Bayesian Connection and Scientific Inquiry
- This probabilistic approach aligns with Bayesian inference principles where uncertainty quantification is crucial in scientific reasoning.
- Using probabilities allows researchers to assess multiple hypotheses simultaneously rather than relying solely on null hypothesis testing.
Practical Applications of Model Selection
- Constructing a comprehensive set of plausible alternative models enables effective evidence assessment through computed model probabilities.
- This method differs significantly from traditional null hypothesis testing by evaluating various plausible models instead of just one.
Multi-modal Inference and Parameter Importance
Making Robust Predictions
- Multi-modal inference allows predictions to be made more robustly by averaging predictions across different models weighted by their respective probabilities.
Estimating Parameters Across Models
- When parameters appear in multiple investigated models (e.g., gamma shape parameter), averaging these estimates enhances reliability using model probabilities as weights.
Assessing Parameter Importance
- By summing up probabilities from models containing specific parameters (like transitions), researchers can determine their relative importance within a system under study.
Case Study: Comparing Evolutionary Models
Hypotheses Overview
- Considering two hypotheses regarding sequence evolution:
- Jukes-Cantor model with uniform substitution rates (one free parameter).
- Kimura two-parameter model with distinct rates for transitions and transversions (two free parameters).
Model Comparison and AIC Calculation
Log Likelihood Values of Models
- The Jukes-Cantor model has a log likelihood of -2034.3, indicating that probabilities are always between 0 and 1, resulting in negative logarithm values.
- The Kimura 2-parameter (K2P) model shows a slightly larger log likelihood of -2026.2, suggesting it fits the data better than the Jukes-Cantor model.
AIC Calculation for Model Assessment
- To assess models, we compute the Akaike Information Criterion (AIC), using the formula: AIC = -2 * log likelihood + 2 * number of parameters.
- For Jukes-Cantor, AIC is calculated as -2 * (-2034.3) + 2 * 1 = 4050.6; for K2P, it is -2 * (-2026.2) + 2 * 2 = 4056.4.
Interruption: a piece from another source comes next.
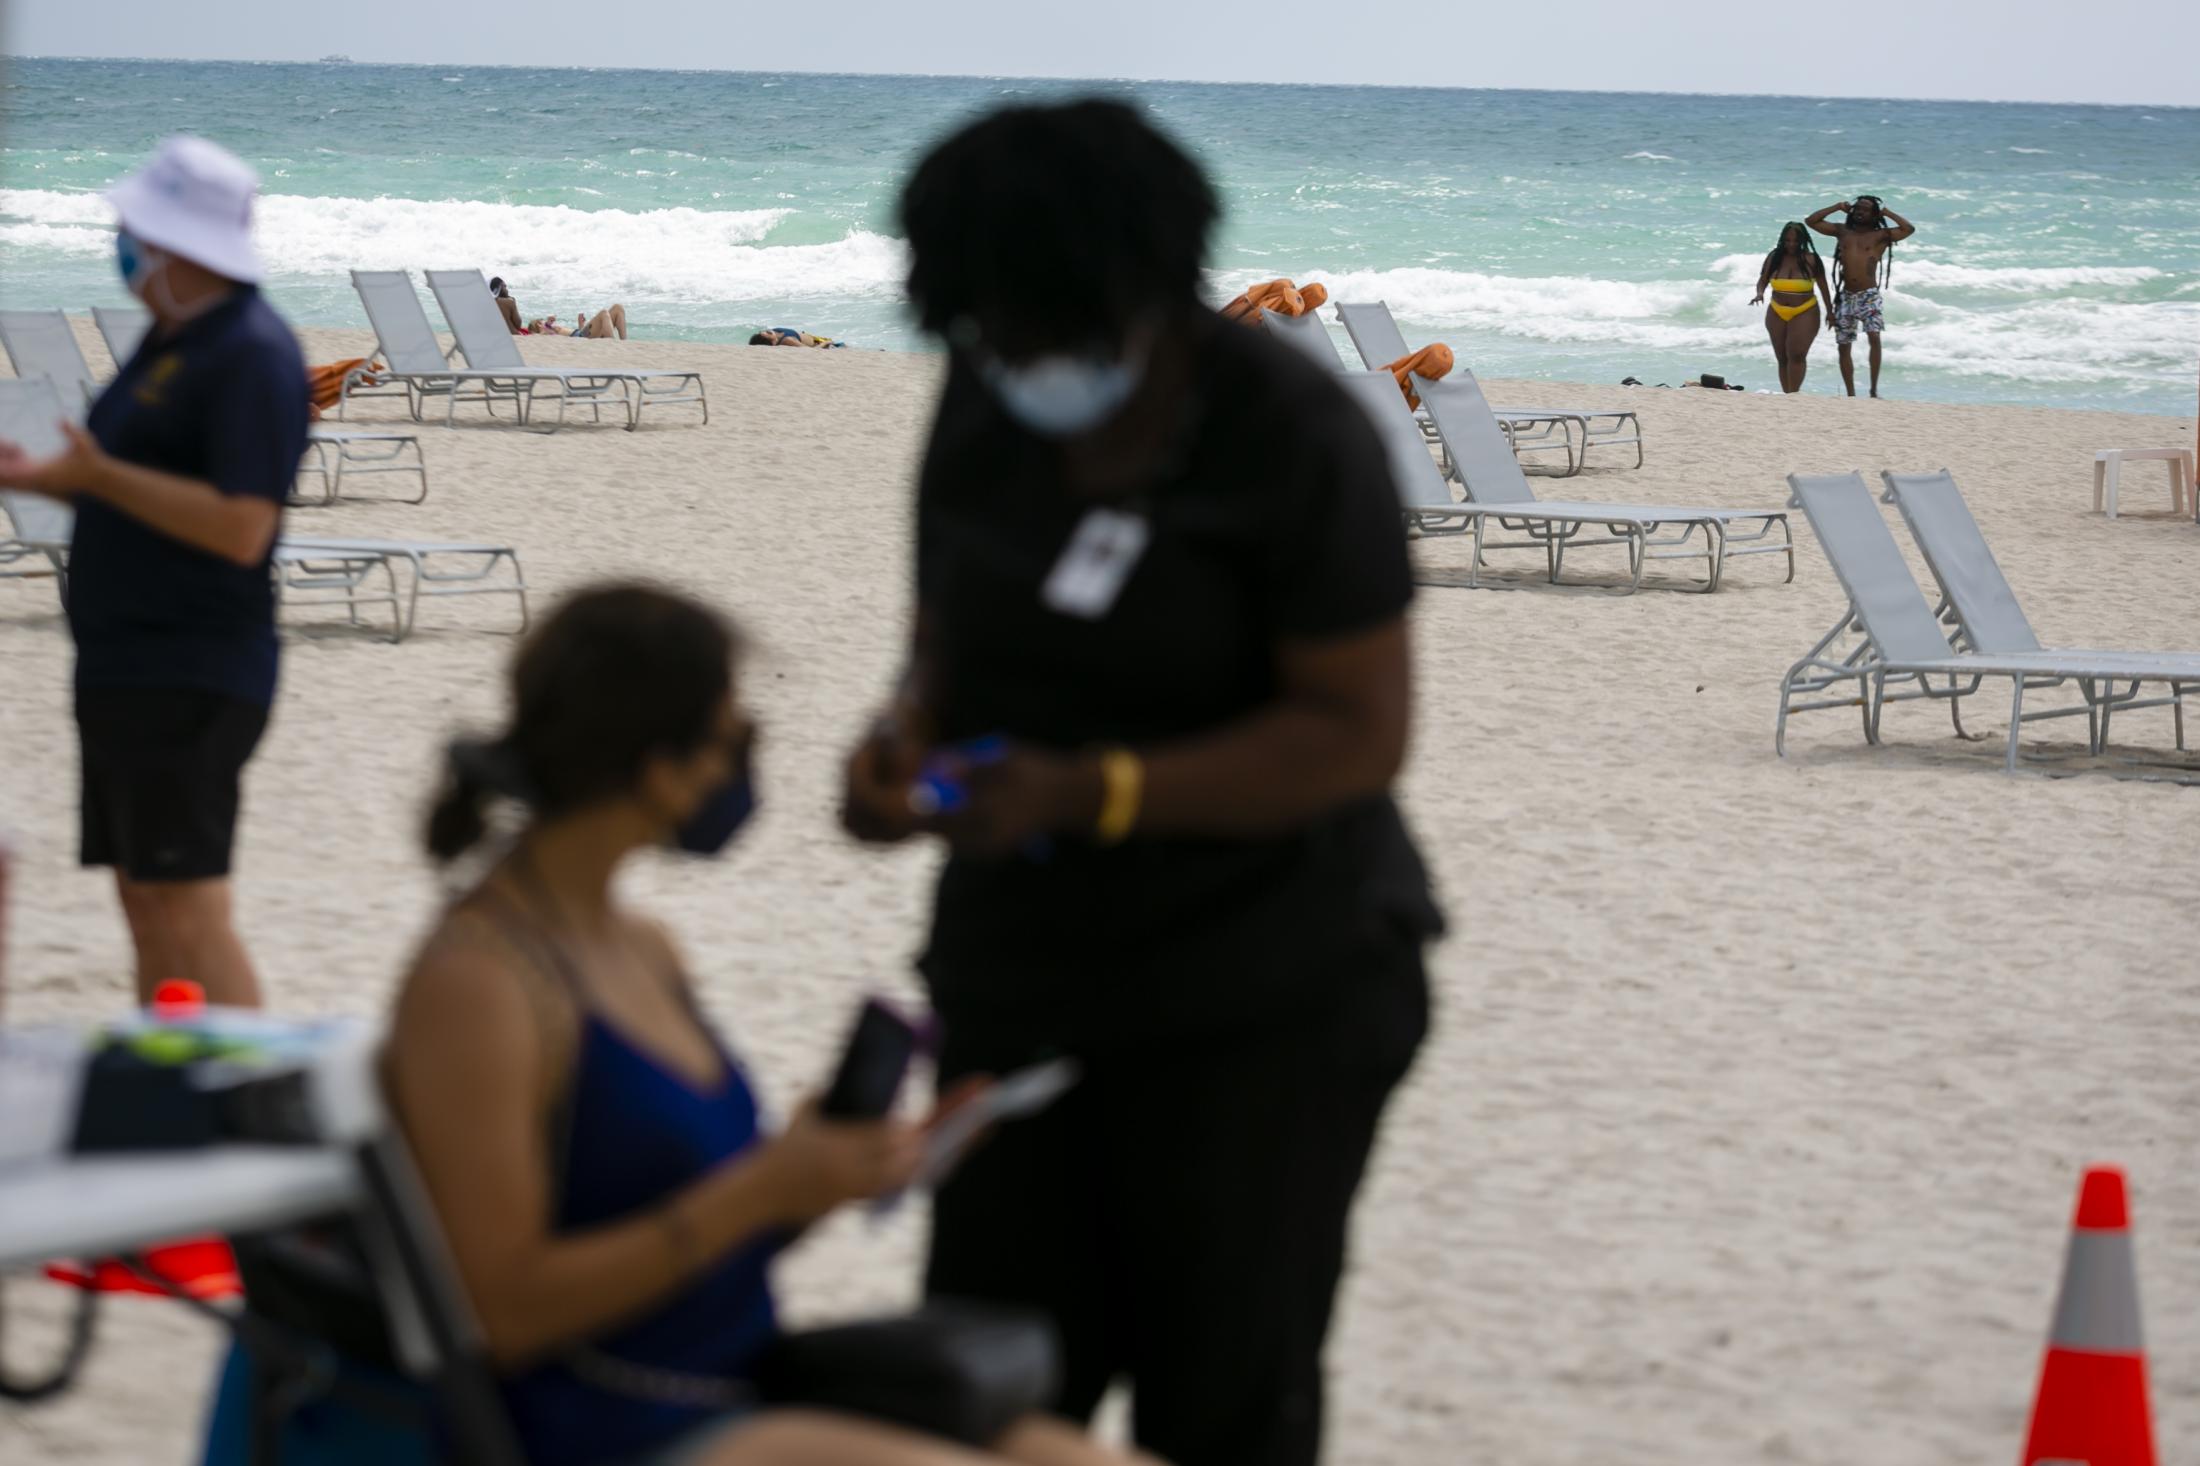 2021 - Tourists get Johnson & Johnson COVID-19 vaccine at Miami Beach - Beachgoers are seen in front of a pop-up vaccination...

Delta AIC and Model Probabilities
- Delta AIC is computed by subtracting the smallest AIC from each model's AIC; K2P has a Delta value of 0 while Jukes-Cantor has a Delta value of approximately 14.
- The exponential function of -0.5 times Delta AIC gives probabilities: for Jukes-Cantor it's approximately 0.0000825; for K2P it's e^0 = 1.
Final Model Probability Calculations
- Total probability sums to about 1.0000825; dividing individual probabilities by this sum yields results: Jukes-Cantor at ~0.08% and K2P at ~99.92%.